*THE TASK:* Please write out the listing exactly, leaving each picture out.

*STORED DATA:*
****

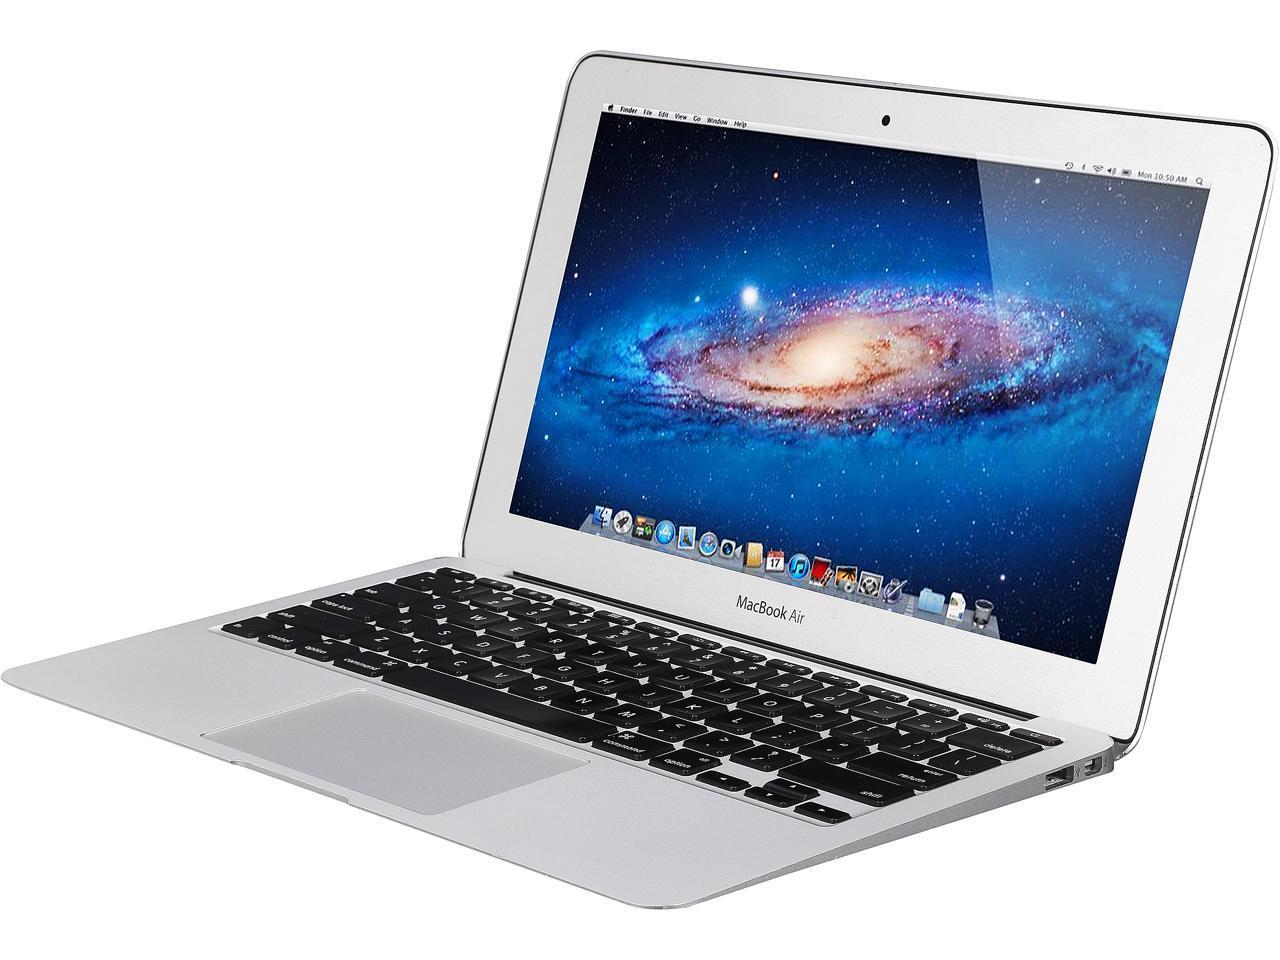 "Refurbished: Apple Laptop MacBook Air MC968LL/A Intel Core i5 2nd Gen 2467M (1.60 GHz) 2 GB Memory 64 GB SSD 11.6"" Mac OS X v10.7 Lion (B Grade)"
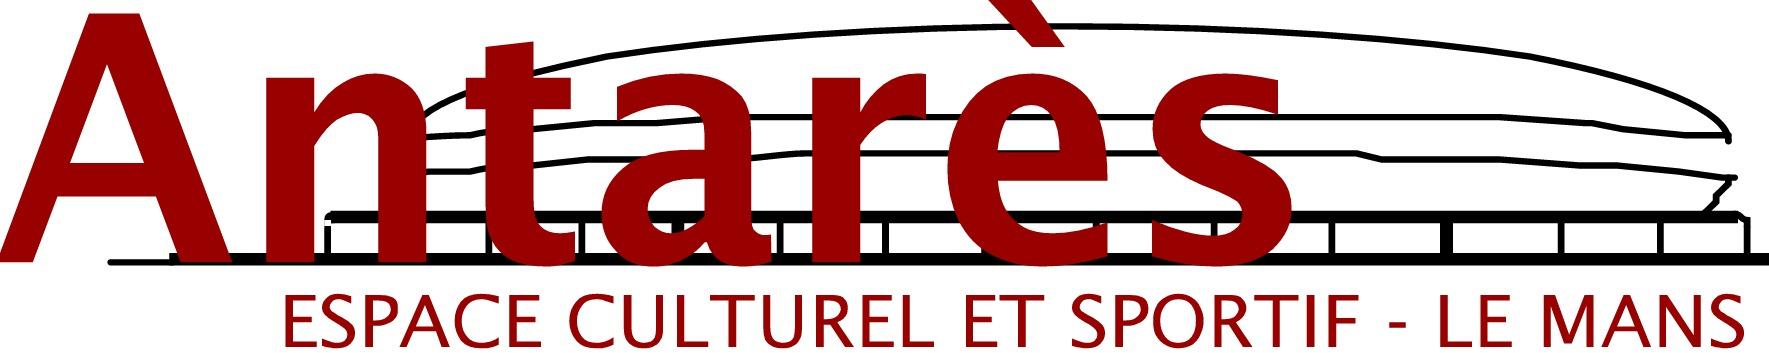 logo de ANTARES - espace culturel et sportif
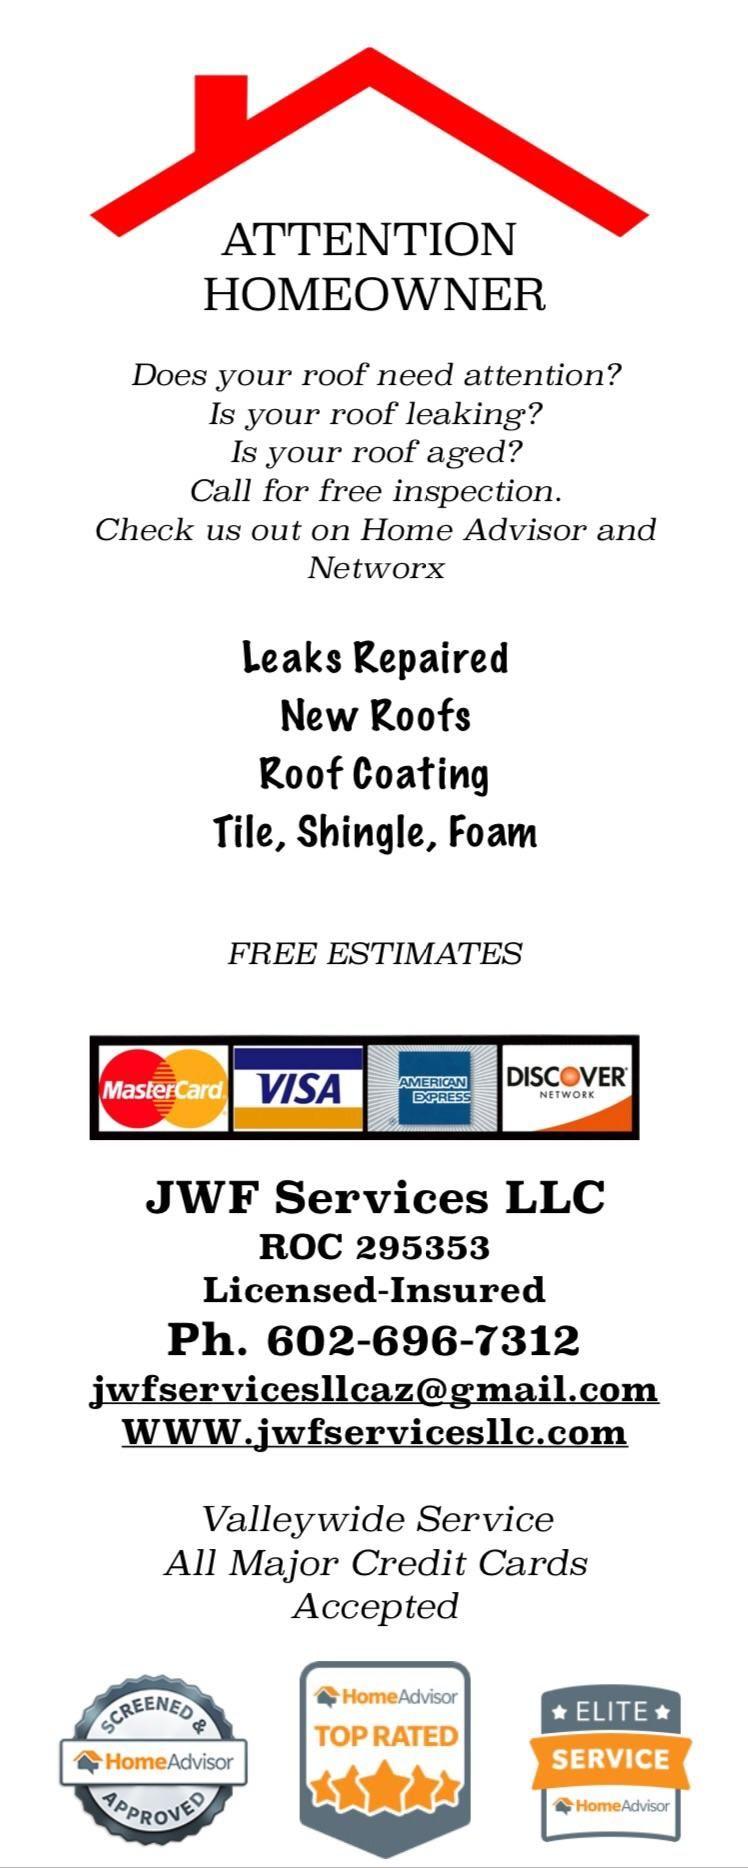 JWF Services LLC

****

*EXERCISE ANSWER:*
 "Refurbished: Apple Laptop MacBook Air MC968LL/A Intel Core i5 2nd Gen 2467M (1.60 GHz) 2 GB Memory 64 GB SSD 11.6"" Mac OS X v10.7 Lion (B Grade)"
 logo de ANTARES - espace culturel et sportif
 JWF Services LLC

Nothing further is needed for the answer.